In 2002, in an effort to tighten national security screening measures, the U.S. Department of Justice created NSEERS. The Attorney General designated certain countries whose nationals and citizens would be subject to the NSEERS registration requirements while they were in the U.S. in a non-immigrant status. Going forward from the date of their country’s NSEERS designation, affected individuals were required to complete a special registration process including providing fingerprints, a photograph, and any additional information requested to Department of Homeland Security officers at the time of each non-immigrant admission to the United States. Nationals and citizens of NSEERS designated countries who were already in the U.S. in a non-immigrant status when their countries were designated were required to complete the same registration process through “call-in” registration which required them to go to a local USCIS office at specified times to complete the registration. All affected individuals were also required to comply with NSEERS exit requirements when they left the U.S. These requirements included departing the U.S. only from designated ports and having additional data recorded upon time of departure.

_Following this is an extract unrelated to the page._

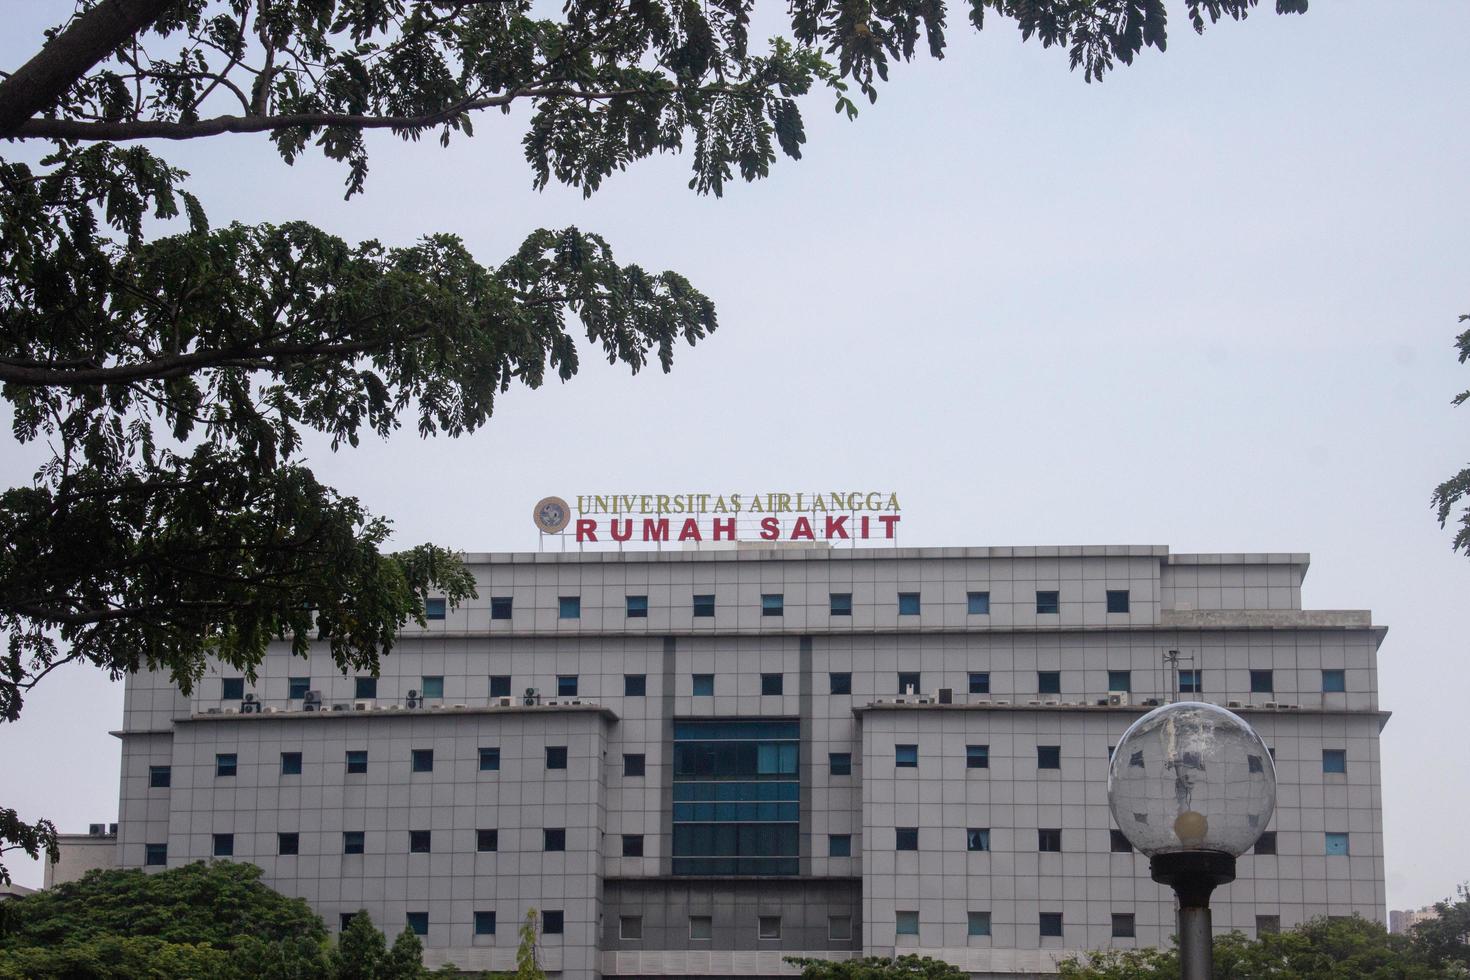 teken bord van luchtlangga ziekenhuis oftewel Rumah sakit luchtlangga. Daarnaast behandelen patiënten, deze is ook een plaats voor medisch studenten naar praktijk of leertijd. foto

The Department of Homeland Security (DHS) announced in April 2011 that as part of their effort to eliminate redundant programs, all NSEERS-designated countries would be removed from the NSEERS list and their nationals and citizens relieved of NSEERS compliance as of April 28, 2011. Subsequent to the creation of NSEERS, DHS implemented two additional programs, US-VISIT and APIS, which together automatically collect the same information that NSEERS manually collected. Because of this automation and because US-VISIT and APIS collect the information from nonimmigrant citizens and nationals of the former NSEERS countries as well as other countries, DHS has indicated that NSEERS manual registration is redundant to the automatic registrations under US-VISIT and APIS and does not provide any increase in security. The DHS has specifically indicated that “As threats to the United States evolve, DHS seeks to identify specific individuals and actions that pose specific threats, rather than focusing on more general designations of groups of individuals, such as country of origin.”
It should be noted that though NSEERS is effectively dormant as of April 28, 2011, with no countries remaining on the compliance list, DHS has not repealed the NSEERS program altogether.